Suppose that we are preparing the release 1.6.0rc1.

The first RC ideally counts as a feature freeze. Each coming release candidate and the final release afterwards should include only minor documentation changes and bug fixes. Any major enhancement or new feature should be excluded.

  • Create the release branch 1.6.X directly in the main repository, where X is really the letter X, not a placeholder. The development for the final and subsequent bug-fix releases of 1.6 should also happen under this branch with different tags.

    git fetch upstream main
    git checkout upstream/main
    git checkout -b 1.6.X
    git push --set-upstream upstream 1.6.X
    
  • Create a PR targeting the 1.6.X branch. Copy the following release checklist to the description of this PR to track the progress.

    * [ ] Update the sklearn dev0 version in main branch
    * [ ] Set the version number in the release branch
    * [ ] check that the wheels for the release can be built successfully
    * [ ] Merge the PR with `[cd build]` commit message to upload wheels to the staging repo
    * [ ] Upload the wheels and source tarball to https://test.pypi.org
    * [ ] Create tag on the main repo
    * [ ] Confirm bot detected at https://github.com/conda-forge/scikit-learn-feedstock
          and wait for merge
    * [ ] Upload the wheels and source tarball to PyPI
    * [ ] Update news and what's new date in main branch
    * [ ] Backport news and what's new date in release branch
    * [ ] Announce on mailing list and on Twitter, and LinkedIn
    
  • Create a PR from main and targeting main to increment the dev0 __version__ variable in sklearn/__init__.py. This means while we are in the release candidate period, the latest stable is two version behind the main branch, instead of one. In this PR targeting main, you should also include a new what’s new file under the doc/whats_new/ directory so PRs that target the next version can contribute their changelog entries to this file in parallel to the release process.

  • In the release branch, change the version number __version__ in sklearn/__init__.py to 1.6.0rc1.

  • Trigger the wheel builder with the [cd build] commit marker. See also the workflow runs of the wheel builder.

    git commit --allow-empty -m "[cd build] Trigger wheel builder workflow"
    

    Note

    The acronym CD in [cd build] stands for Continuous Delivery and refers to the automation used to generate the release artifacts (binary and source packages). This can be seen as an extension to CI which stands for Continuous Integration. The CD workflow on GitHub Actions is also used to automatically create nightly builds and publish packages for the development branch of scikit-learn. See also Installing nightly builds.

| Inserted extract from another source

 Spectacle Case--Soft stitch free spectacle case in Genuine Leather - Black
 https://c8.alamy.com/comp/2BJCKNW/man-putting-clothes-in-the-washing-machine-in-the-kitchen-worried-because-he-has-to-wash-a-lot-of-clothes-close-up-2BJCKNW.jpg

  • Once all the CD jobs have completed successfully in the PR, merge it with the [cd build] marker in the commit message. This time the results will be uploaded to the staging area. You should then be able to upload the generated artifacts (.tar.gz and .whl files) to https://test.pypi.org/ using the “Run workflow” form for the PyPI publishing workflow.

    Warning

    This PR should be merged with the rebase mode instead of the usual squash mode because we want to keep the history in the 1.6.X branch close to the history of the main branch which will help for future bug fix releases.

    In addition if on merging, the last commit, containing the [cd build] marker, is empty, the CD jobs won’t be triggered. In this case, you can directly push a commit with the marker in the 1.6.X branch to trigger them.

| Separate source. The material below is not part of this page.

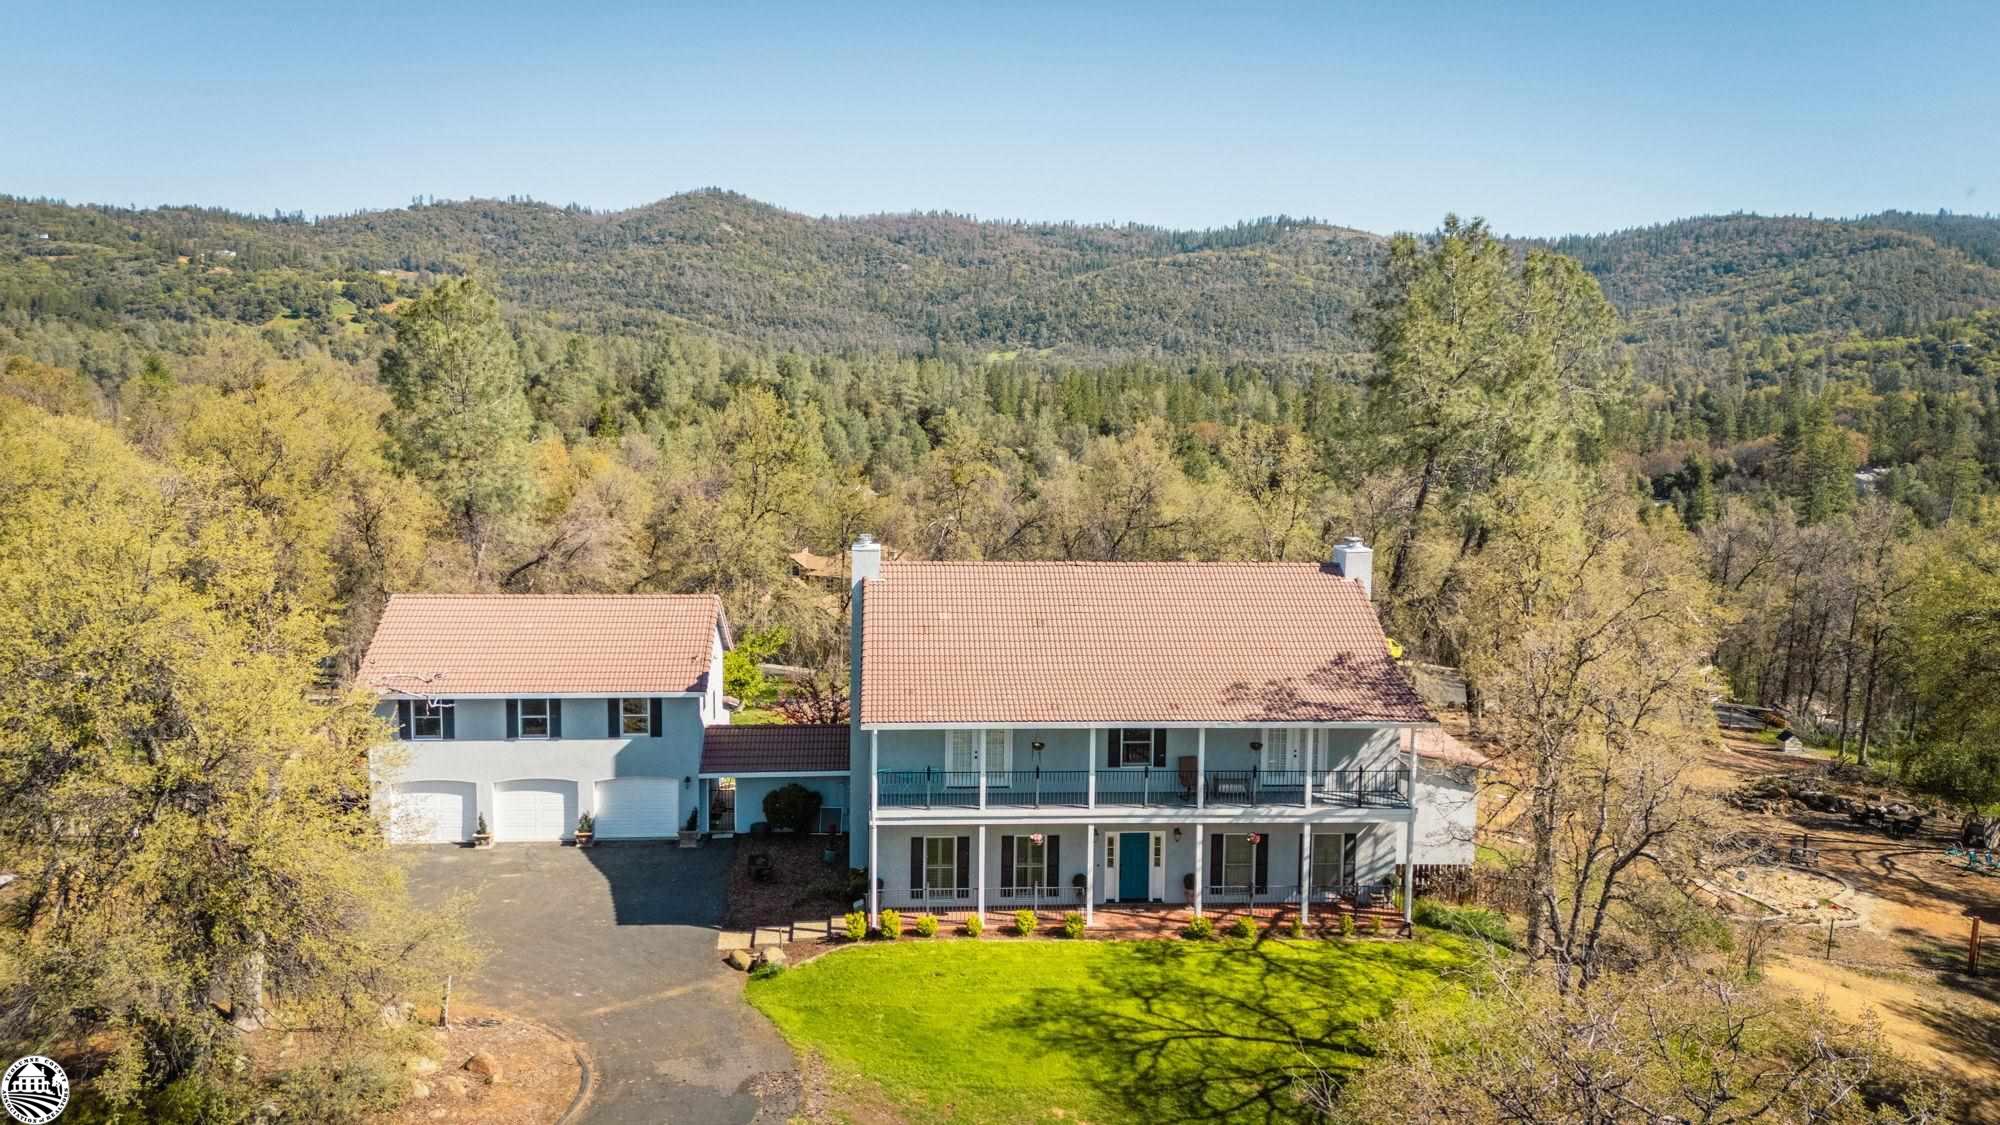 Photo of 21819 Lyons Bald Mountain Rd in Sonora, CA

  • If the steps above went fine, proceed with caution to create a new tag for the release. This should be done only when you are almost certain that the release is ready, since adding a new tag to the main repository can trigger certain automated processes.

    git tag -a 1.6.0rc1  # in the 1.6.X branch
    git push git@github.com:scikit-learn/scikit-learn.git 1.6.0rc1
    

    Warning

    Don’t use the github interface for publishing the release as a way to create the tag because it will automatically send notifications to all users that follow the repo even though the website isn’t updated and wheels aren’t uploaded yet.

  • Confirm that the bot has detected the tag on the conda-forge feedstock repository conda-forge/scikit-learn-feedstock. If not, submit a PR for the release, targeting the rc branch.

  • Trigger the PyPI publishing workflow again, but this time to upload the artifacts to the real https://pypi.org/. To do so, replace testpypi with pypi in the “Run workflow” form.

    Alternatively, it is possible to collect locally the generated binary wheel packages and source tarball and upload them all to PyPI.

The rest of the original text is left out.